**What is needed:**
Where the line containing "Transcript of the" appears in the records below, begin there and repeat each line exactly through the final one, dropping all pictures.

**Exercise data:**
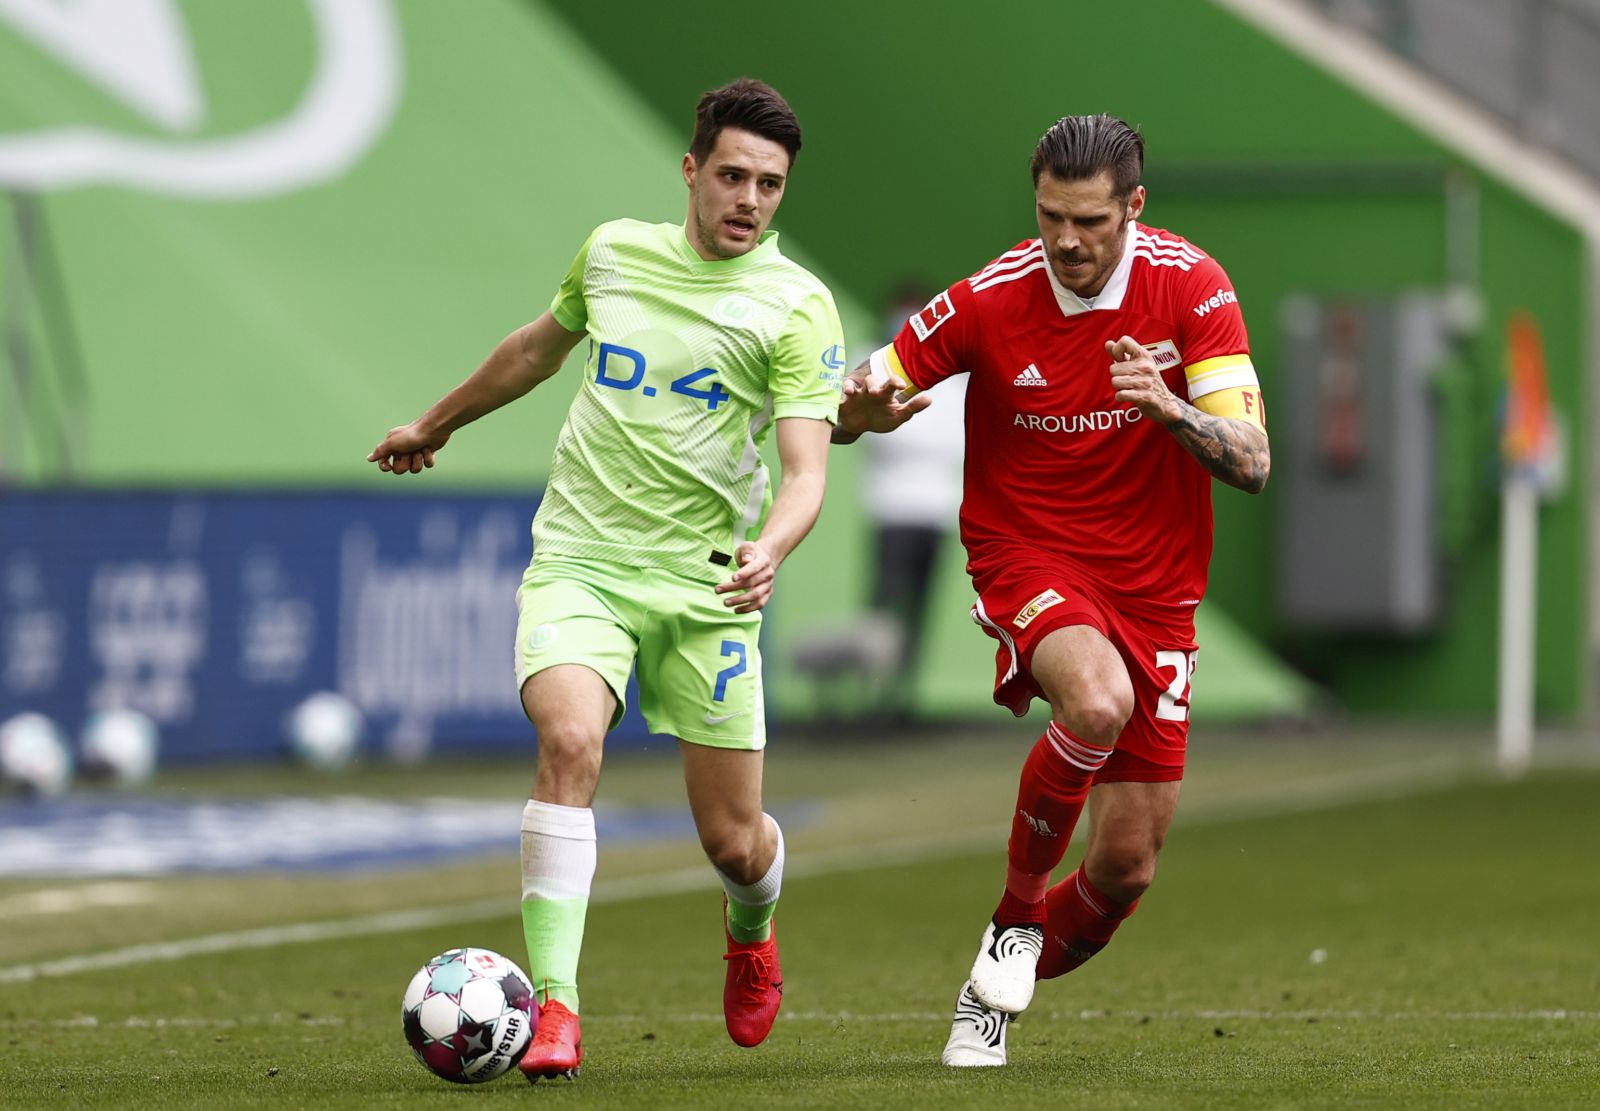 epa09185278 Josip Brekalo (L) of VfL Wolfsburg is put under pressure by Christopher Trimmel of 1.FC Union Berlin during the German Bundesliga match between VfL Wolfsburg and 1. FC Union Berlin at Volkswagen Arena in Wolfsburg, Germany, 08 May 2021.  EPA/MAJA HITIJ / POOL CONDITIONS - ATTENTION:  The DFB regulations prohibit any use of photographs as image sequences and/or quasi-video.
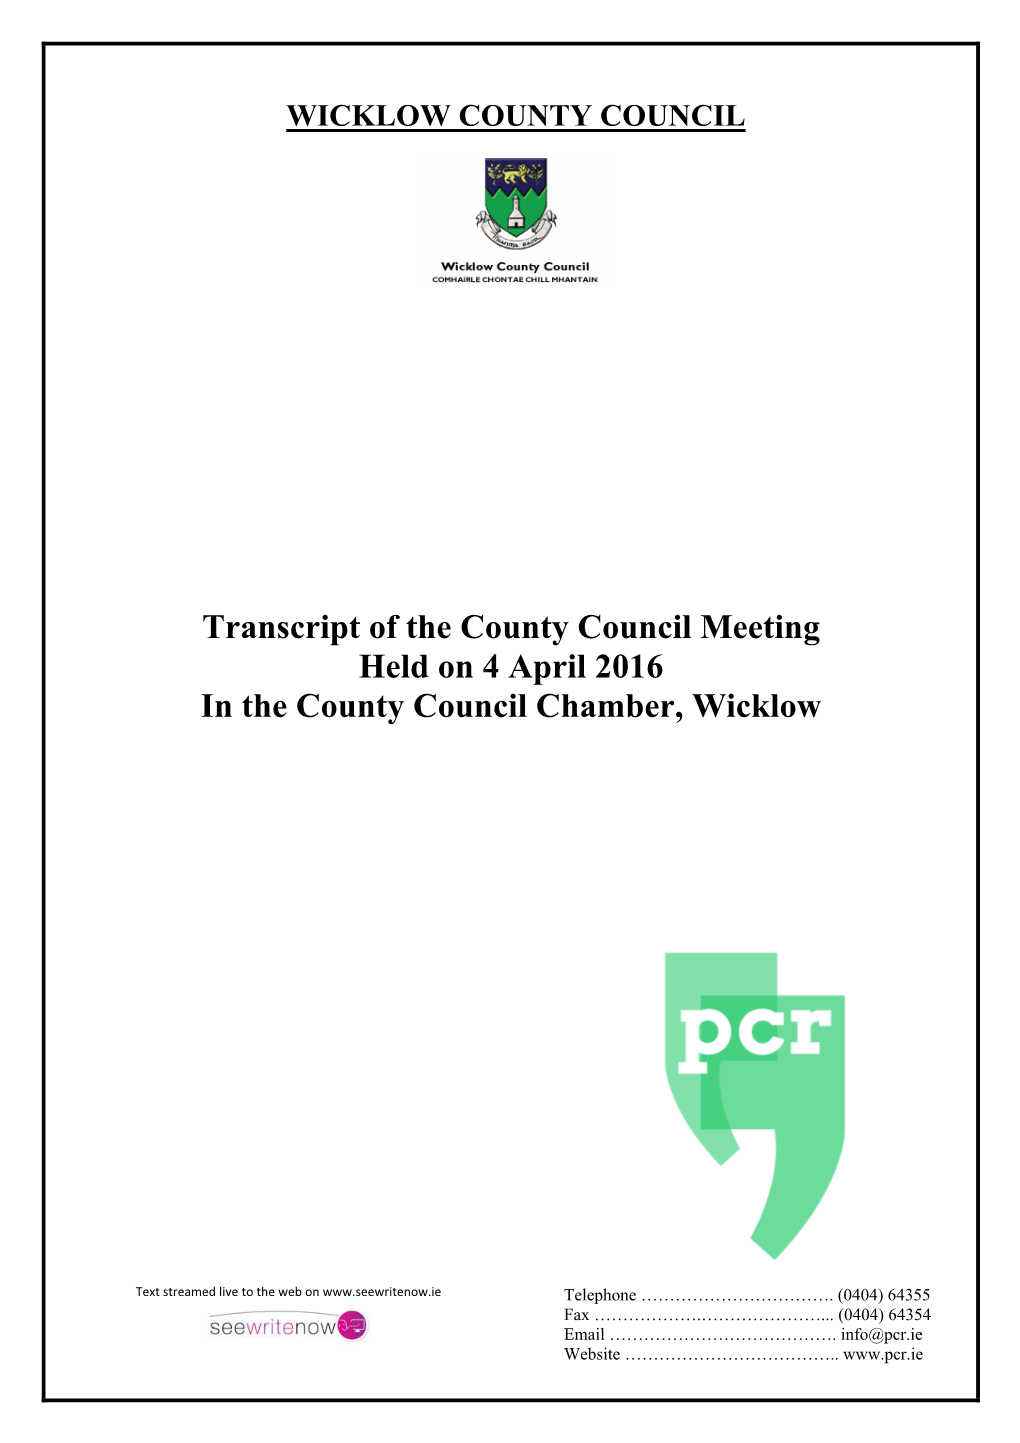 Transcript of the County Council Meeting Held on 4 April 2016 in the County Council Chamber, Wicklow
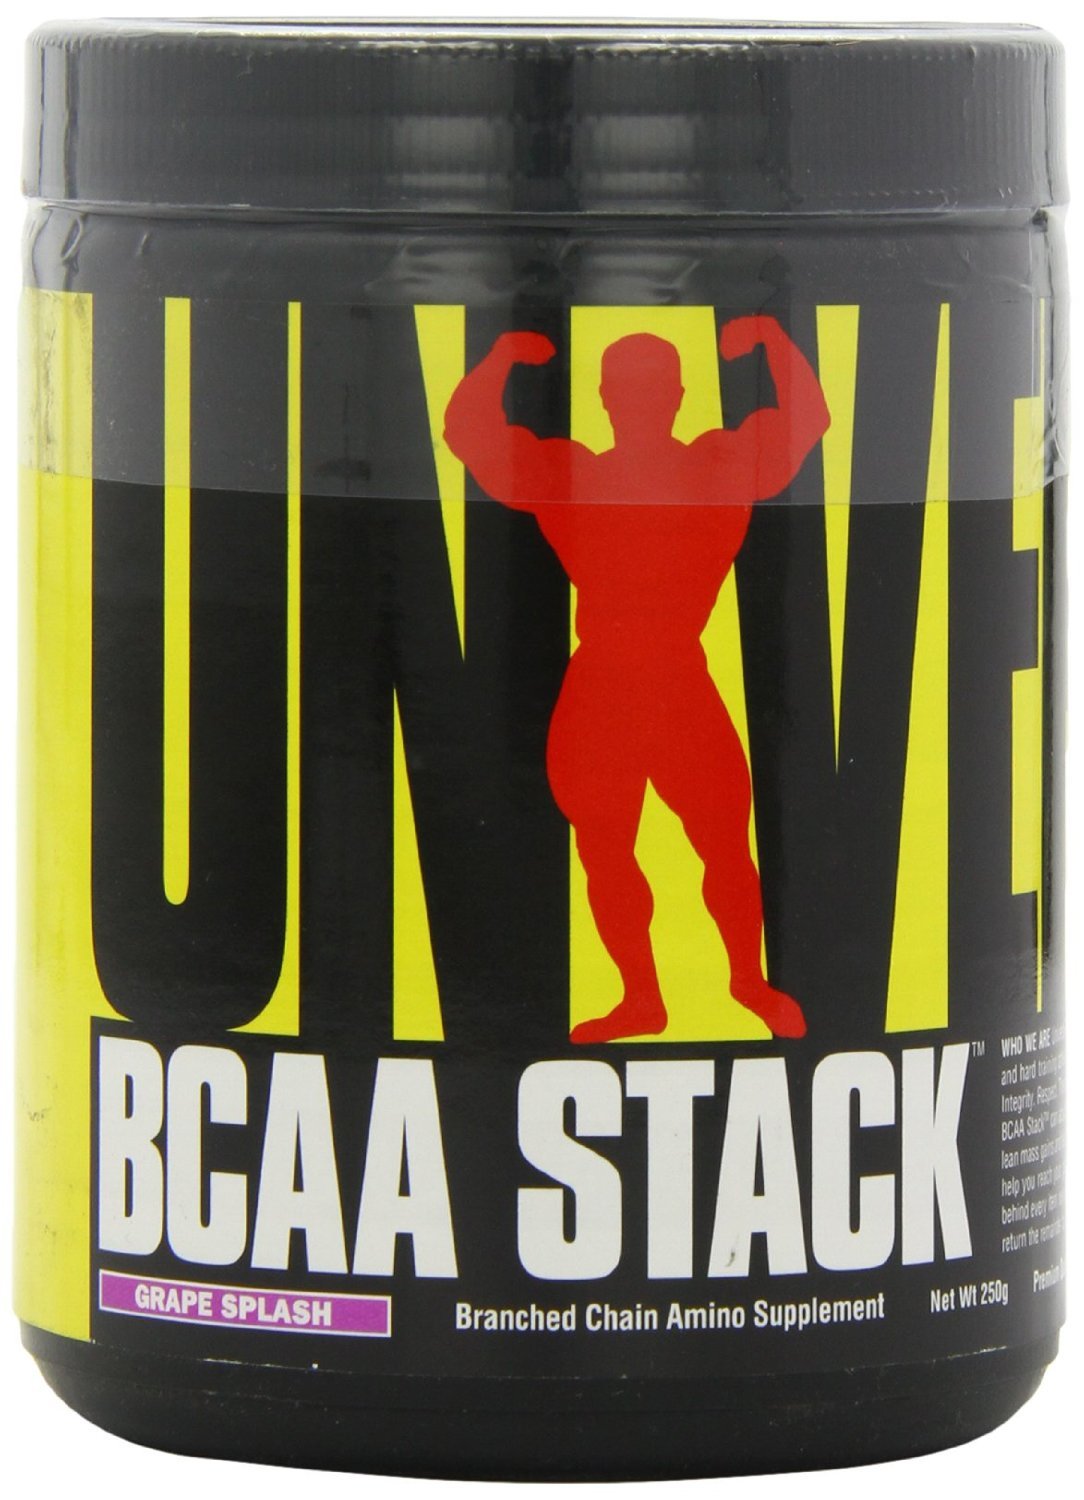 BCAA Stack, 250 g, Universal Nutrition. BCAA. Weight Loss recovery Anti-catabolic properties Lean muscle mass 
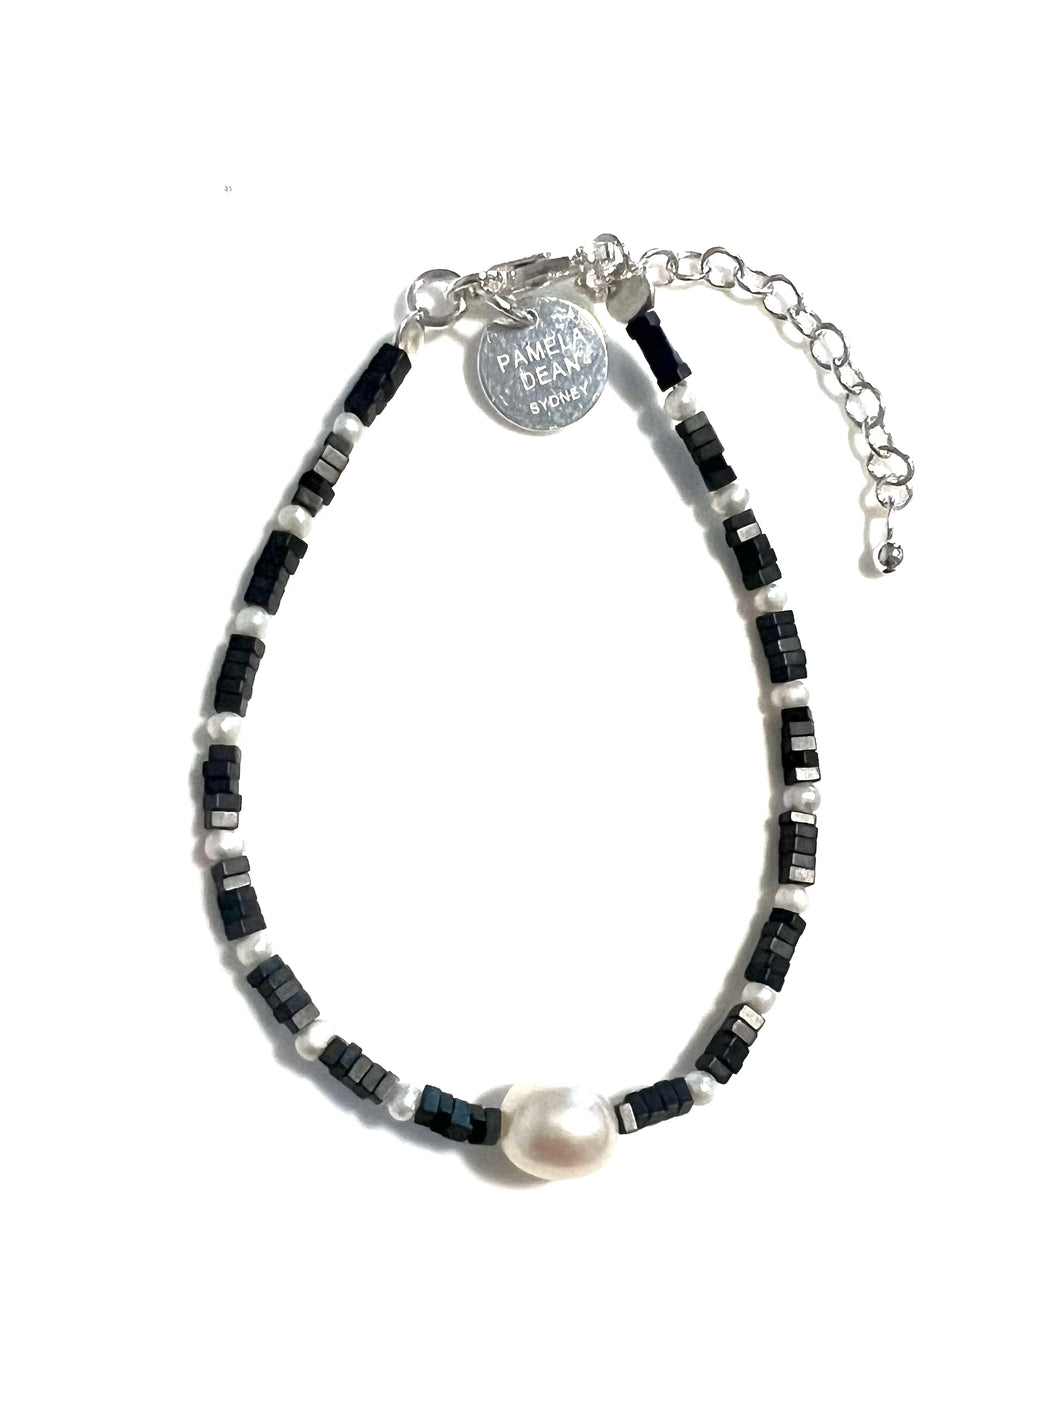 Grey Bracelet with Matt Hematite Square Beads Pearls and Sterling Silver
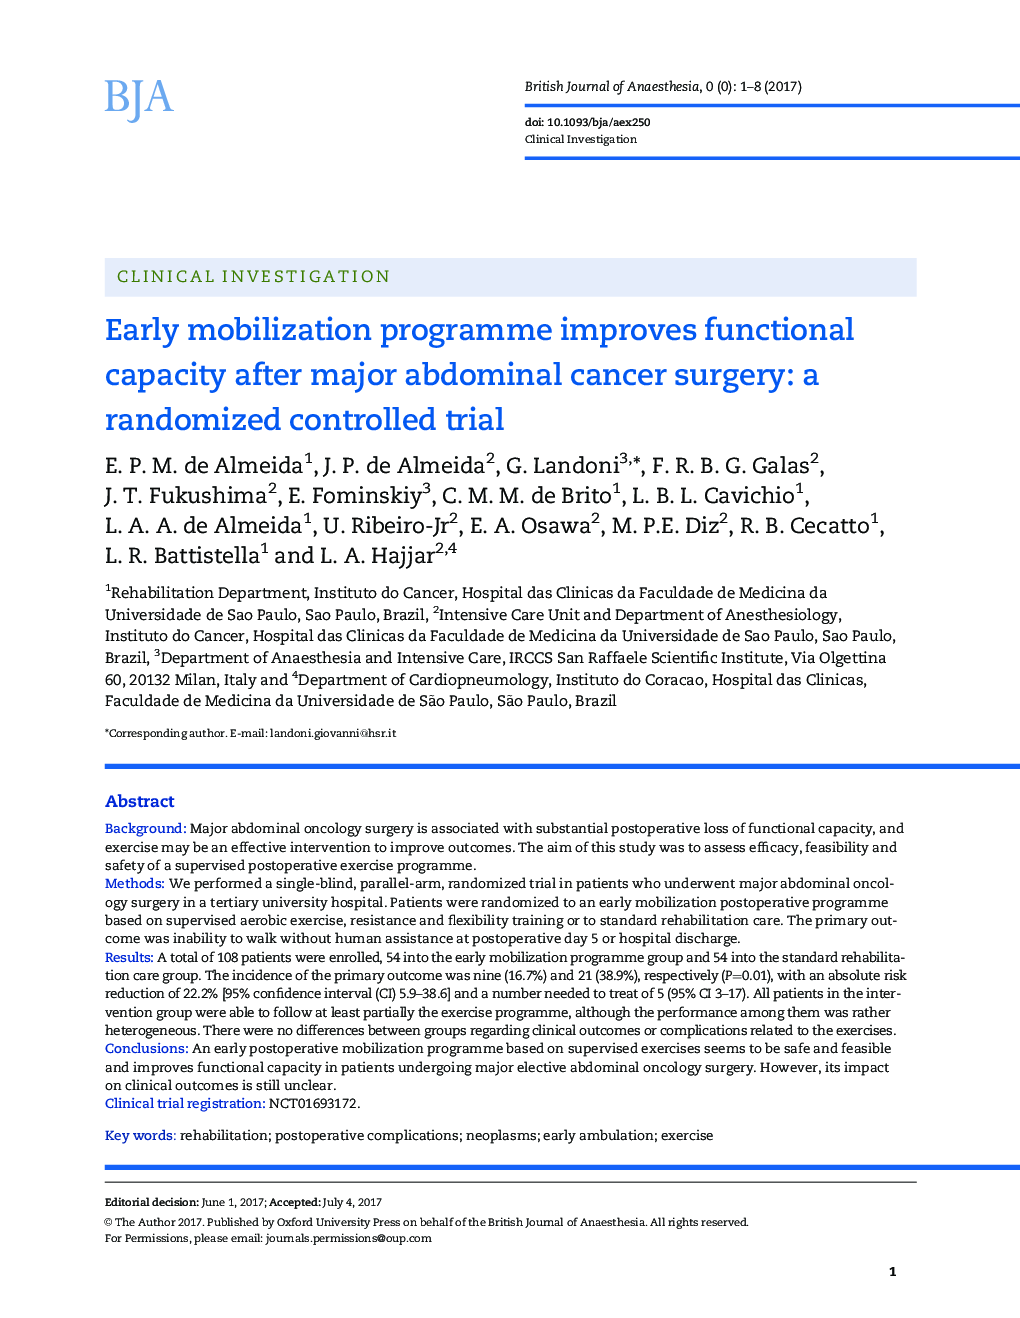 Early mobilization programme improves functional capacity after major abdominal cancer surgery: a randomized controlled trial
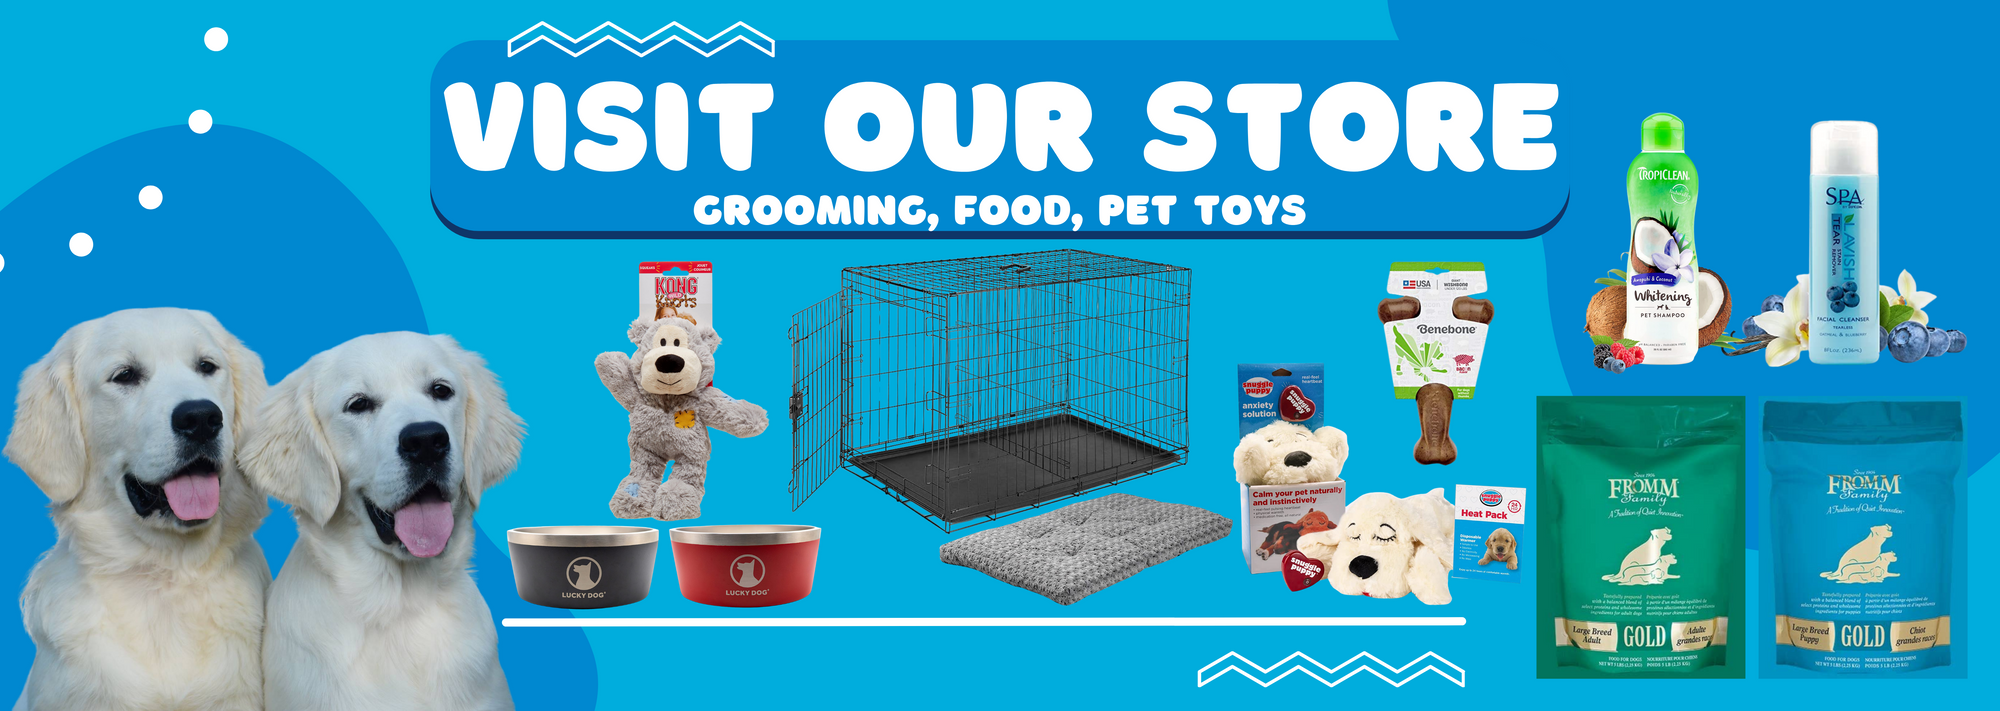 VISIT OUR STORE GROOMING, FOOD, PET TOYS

**Response area:**
 Transcript of the County Council Meeting Held on 4 April 2016 in the County Council Chamber, Wicklow
 BCAA Stack, 250 g, Universal Nutrition. BCAA. Weight Loss recovery Anti-catabolic properties Lean muscle mass 
 Grey Bracelet with Matt Hematite Square Beads Pearls and Sterling Silver
 Early mobilization programme improves functional capacity after major abdominal cancer surgery: a randomized controlled trial
 VISIT OUR STORE GROOMING, FOOD, PET TOYS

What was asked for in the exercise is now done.